Why You Go Blank in Important Meetings (And How to Stop It)

    You know exactly what you want to say. You have thought it through, maybe even rehearsed it. Then the moment arrives, someone asks you a question or you get the chance to speak, and your mind empties completely.

    It is one of the most frustrating experiences in professional life, and it happens to far more people than you might think. Research on speech anxiety suggests that around 75% of people experience some degree of anxiety when speaking in front of others. A 2023 survey of hybrid and remote workers found that 80% feel anxious before meetings, and 35% of adults report avoiding speaking up in meetings altogether because of how it makes them feel.

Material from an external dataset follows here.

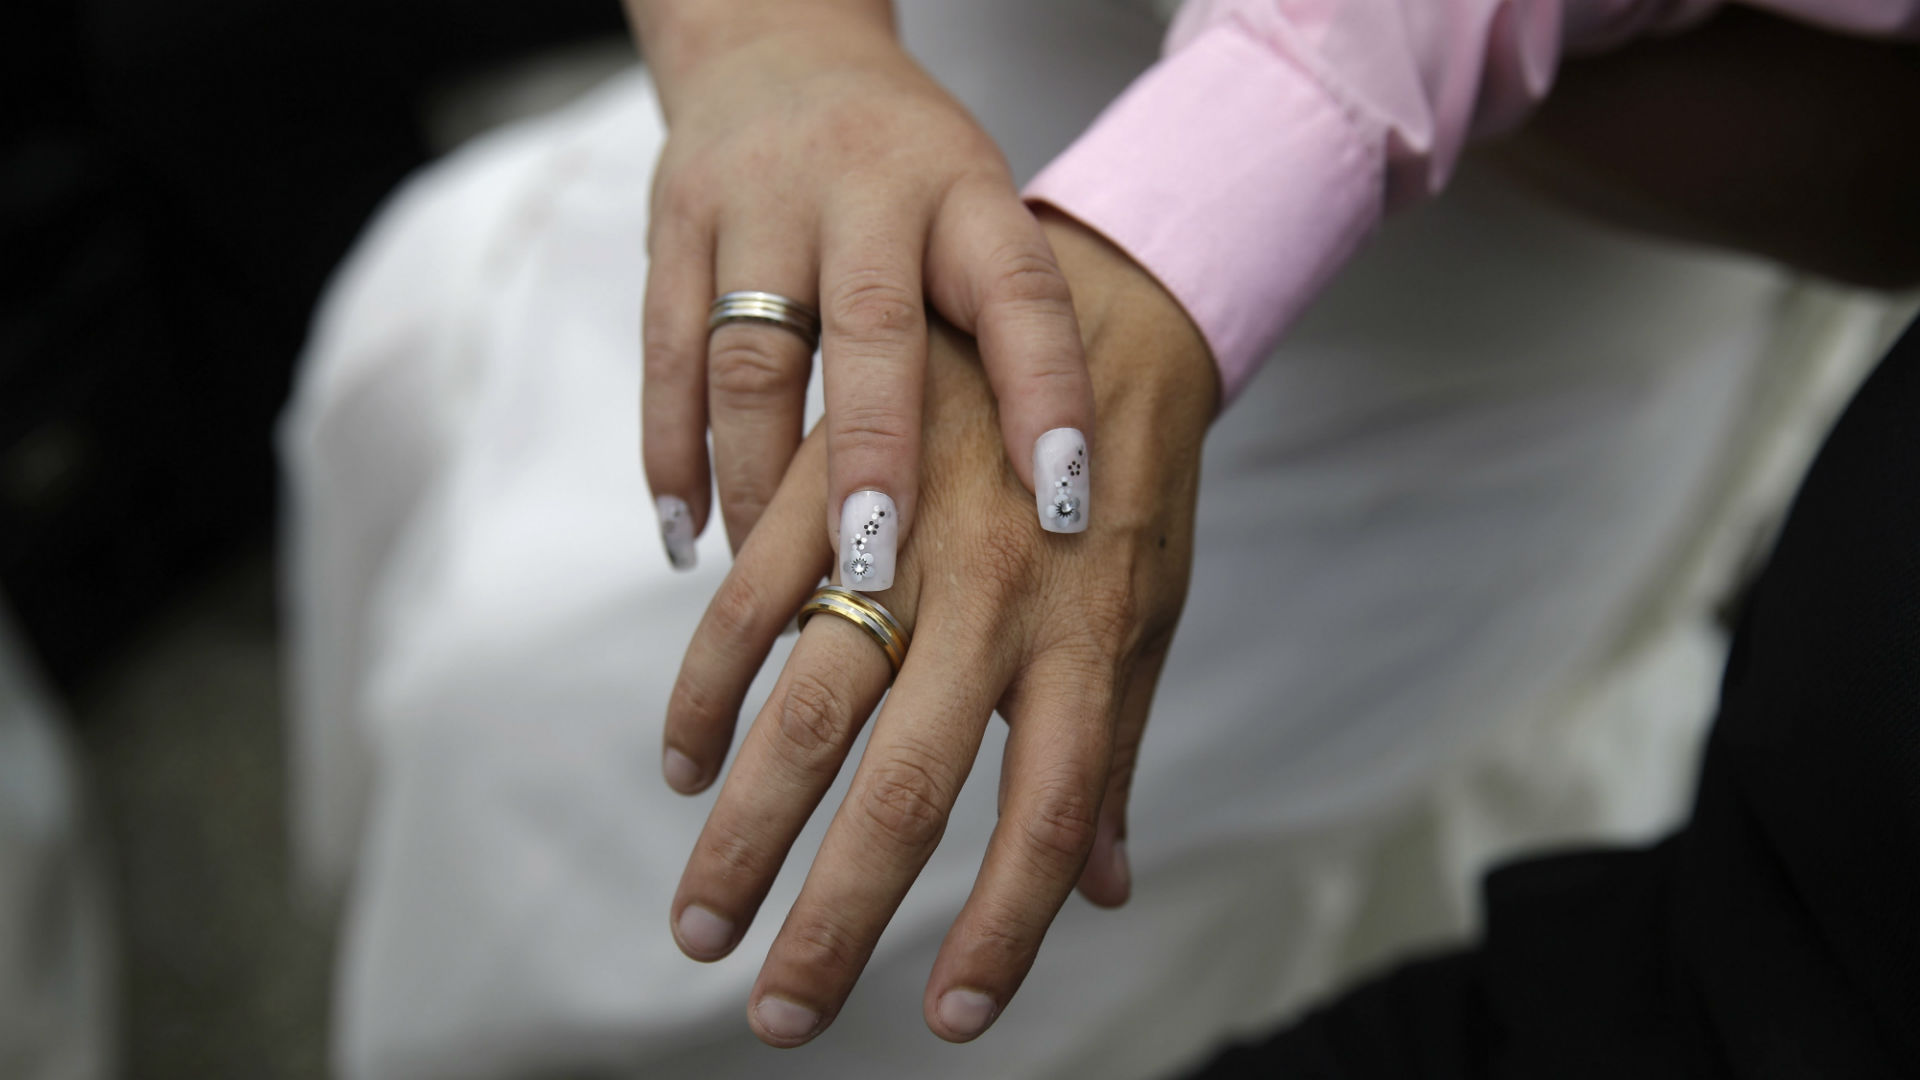 Dos mujeres transexuales contraen matrimonio por primera vez en Argentina

    Going blank is not a confidence problem, a preparation problem, or a sign that you are not cut out for high-pressure situations. It is a physiological response, and once you understand what is actually happening, you can do something about it.

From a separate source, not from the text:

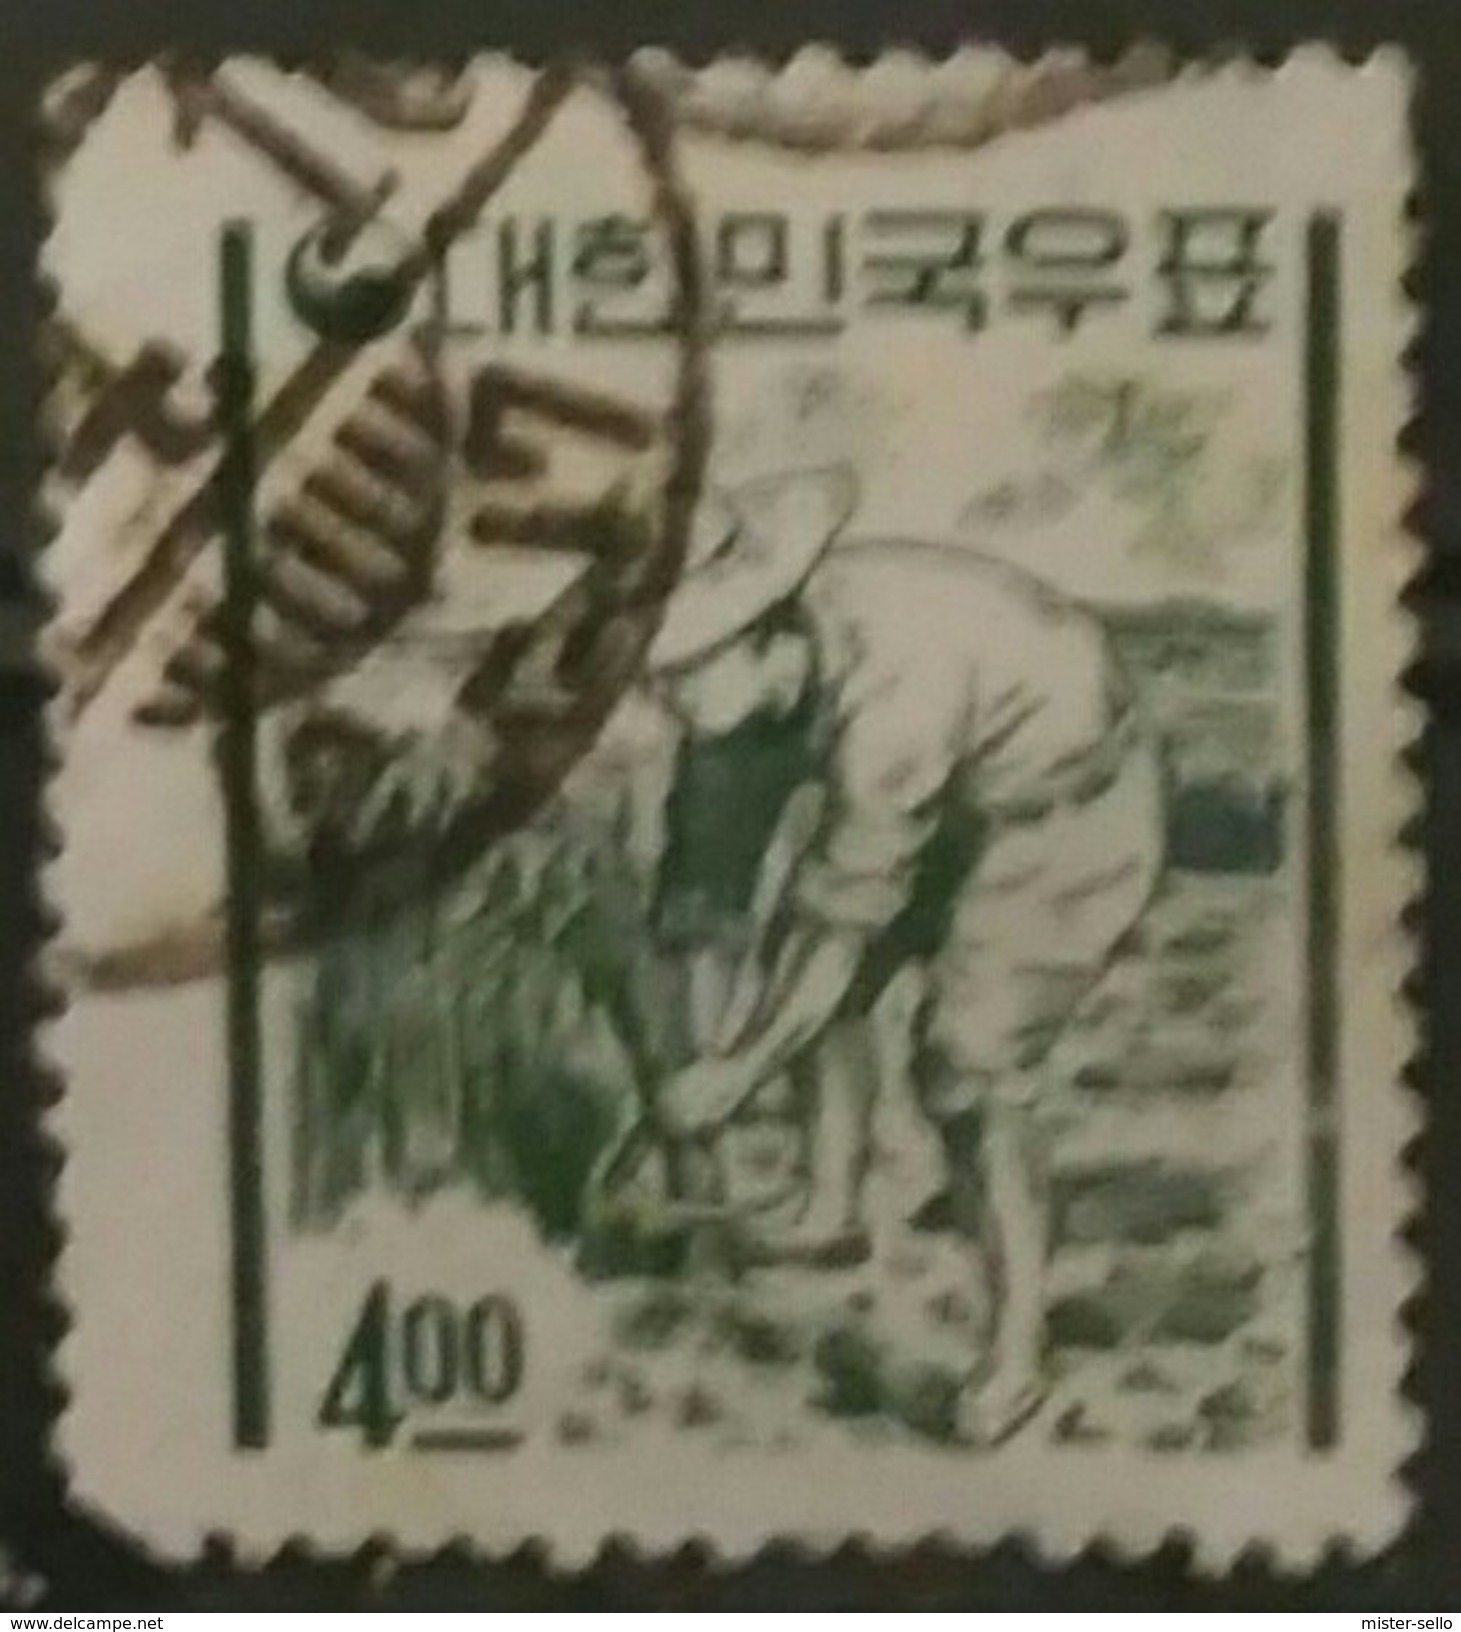 COREA DEL SUR 1962 -1963 Iconos Nacionales En La Nueva Moneda. USADO - USED. - Corea Del Sud

    What Is Actually Happening When You Go Blank

    When you are about to say something important, whether that is contributing to a meeting, raising a concern, or responding to a challenge, your brain reads the situation as high-stakes. That triggers the stress response: adrenaline and cortisol flood your system, your heart rate rises, your breathing shallows, and your body prepares for action.

    The problem is that the same stress hormones that sharpen your physical responses actively impair the cognitive ones you need most. Research on stress and memory retrieval has found that cortisol released in the lead-up to a high-pressure moment can significantly impair the recall of information you have previously learned. The slow cortisol response, which peaks several minutes after stress begins, specifically disrupts memory retrieval at precisely the moment you need it.

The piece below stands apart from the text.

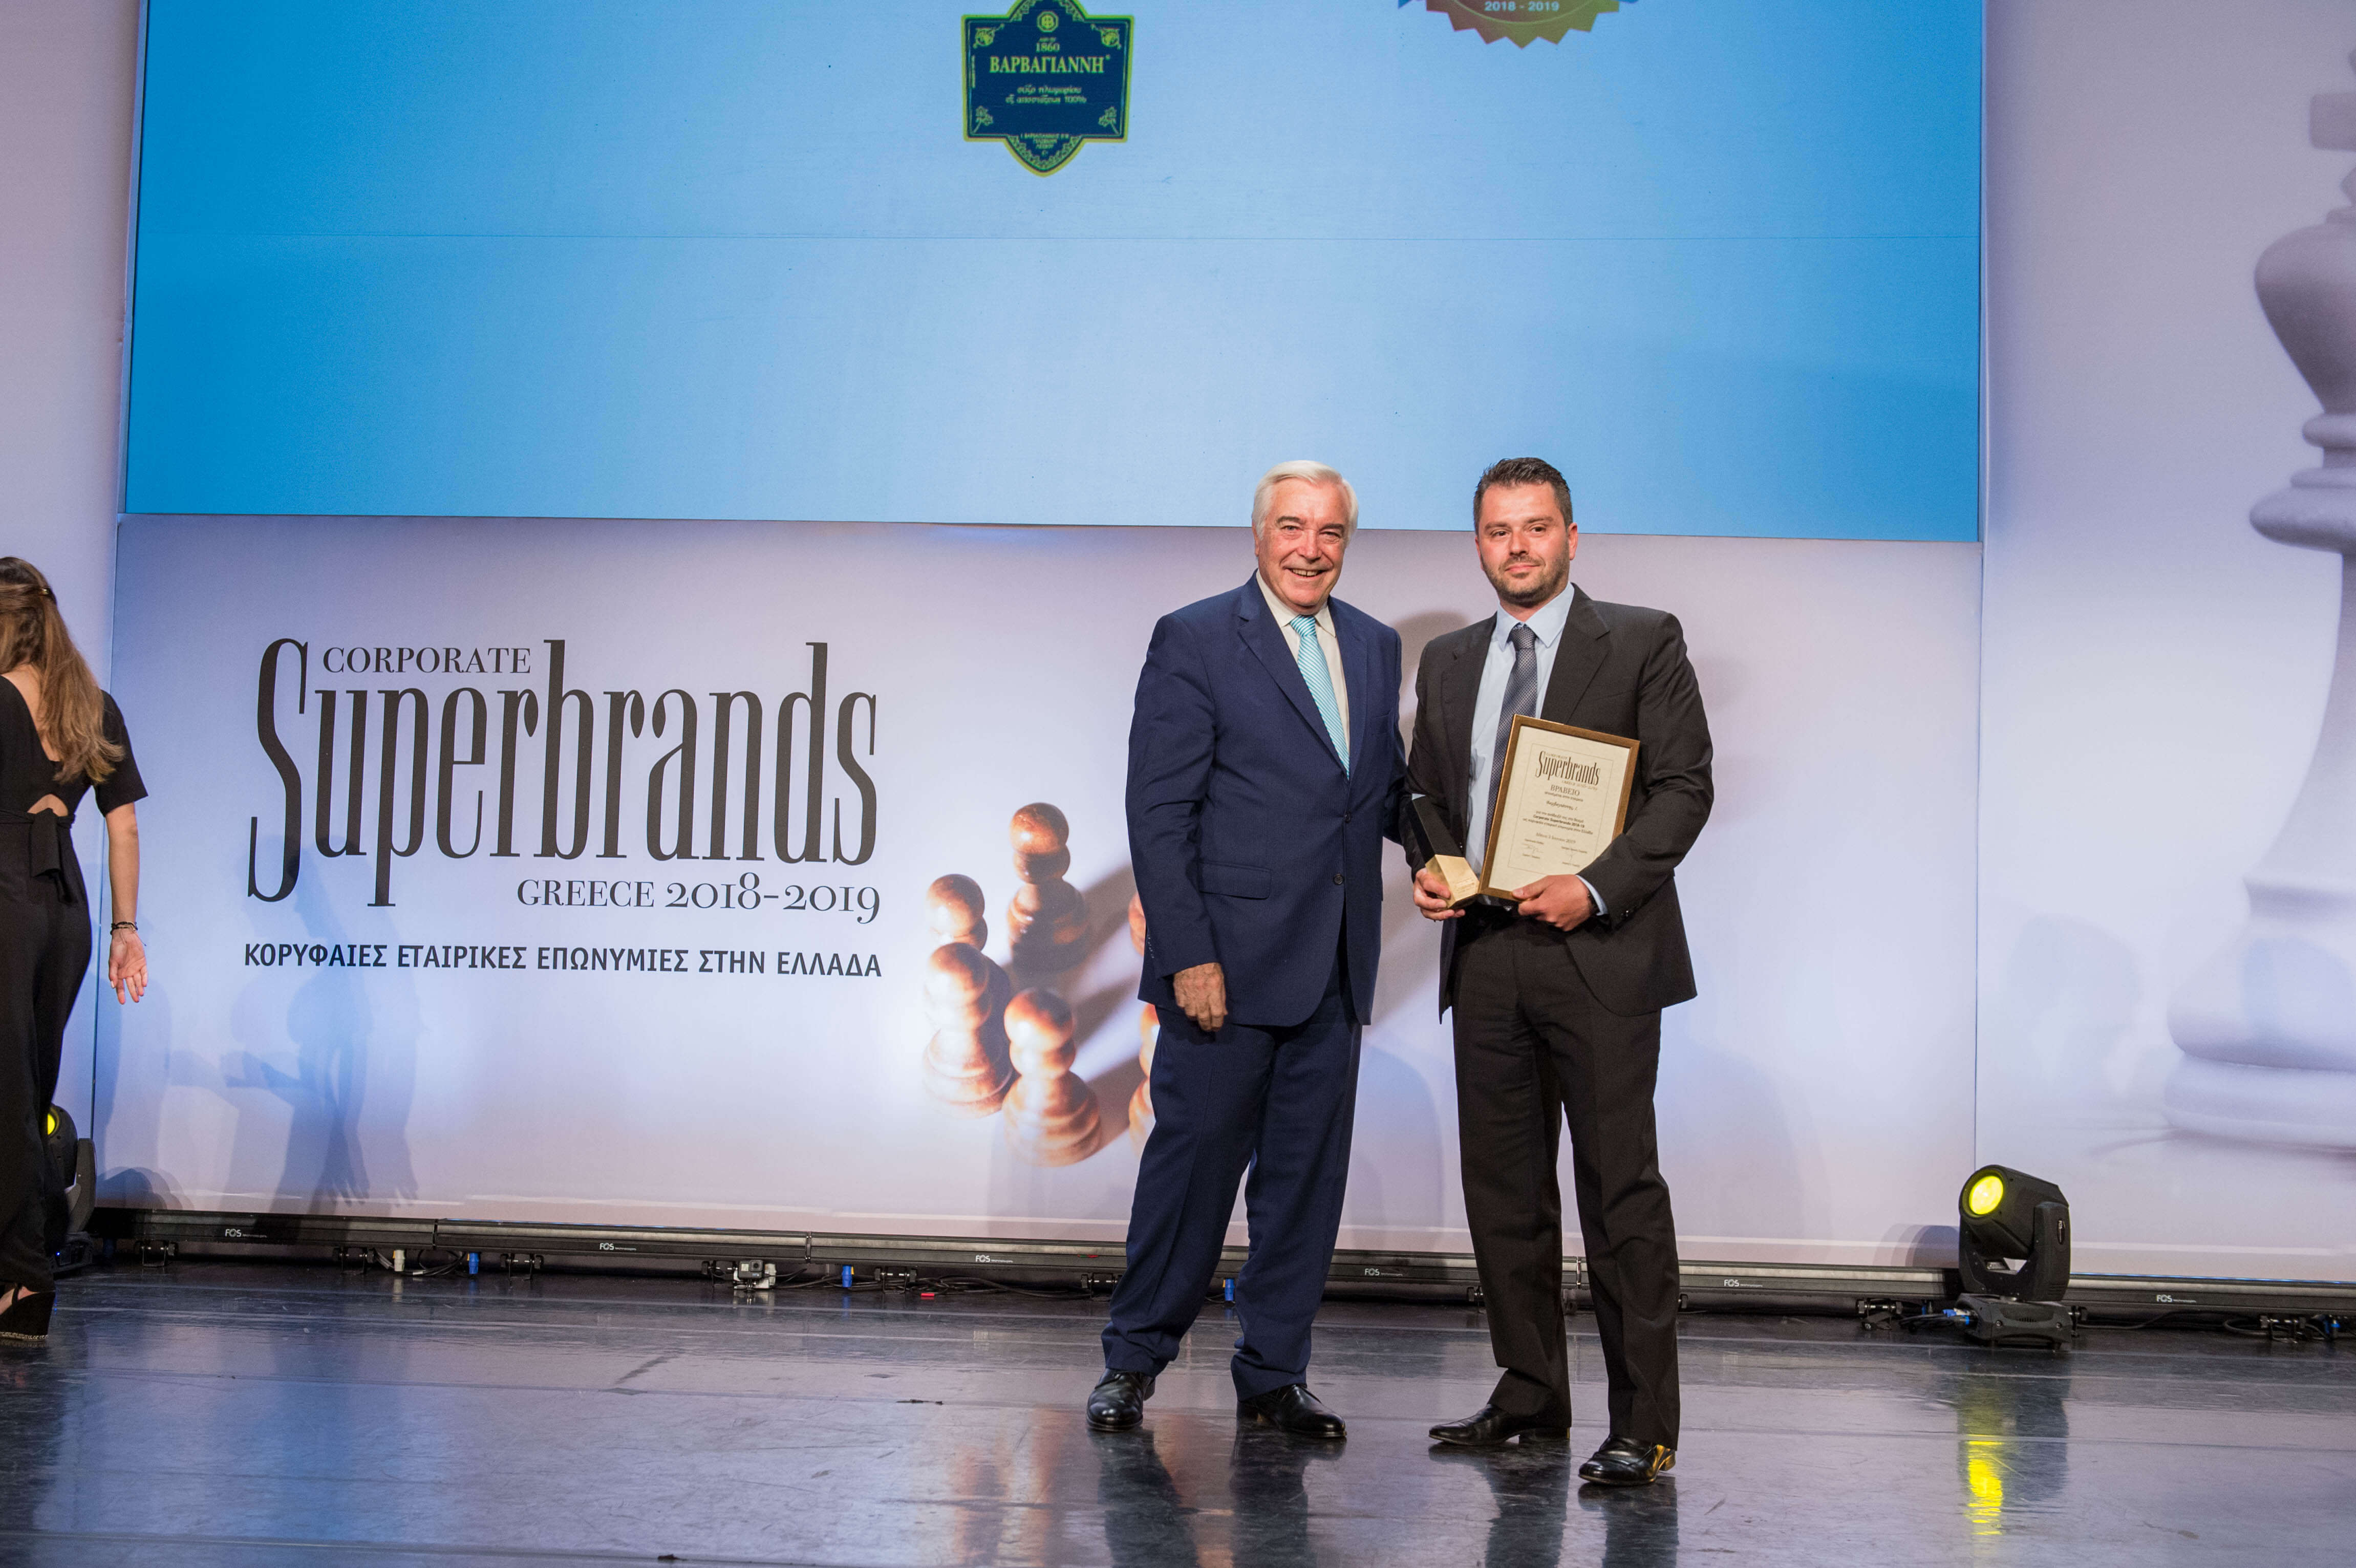 Το Ούζο Βαρβαγιάννη ξεχώρισε ως Κορυφαία Εταιρική Επωνυμία στην Ελλάδα στο διαγωνισμό των Superbrands

    Studies on working memory under stress show that when cortisol levels are elevated, the brain's ability to hold and process information in real time is compromised. It is not that you have forgotten what you know. It is that the pathways you need to access it are temporarily disrupted. As one way of putting it: your brain has shifted into survival mode, redirecting energy away from complex thinking and towards immediate physical response. That is useful if you need to run. It is less useful if you need to articulate a clear point in a budget meeting.

    Research on anxiety and working memory reinforces this: anxious thoughts consume cognitive bandwidth, leaving less capacity for verbal fluency, recall, and the ability to think on your feet. This is why going blank tends to happen most severely in the moments that feel most important. The higher the perceived stakes, the stronger the stress response, and the more it interferes with exactly the thinking you need.

    You are not losing your mind. You are experiencing a predictable biological response to perceived threat.

    Why It Tends to Happen to Competent People

    One of the more counterintuitive findings in this area is that going blank is not especially correlated with actual ability. In fact, people who care deeply about doing well, and who are therefore more alert to the stakes of a situation, often experience the strongest stress responses.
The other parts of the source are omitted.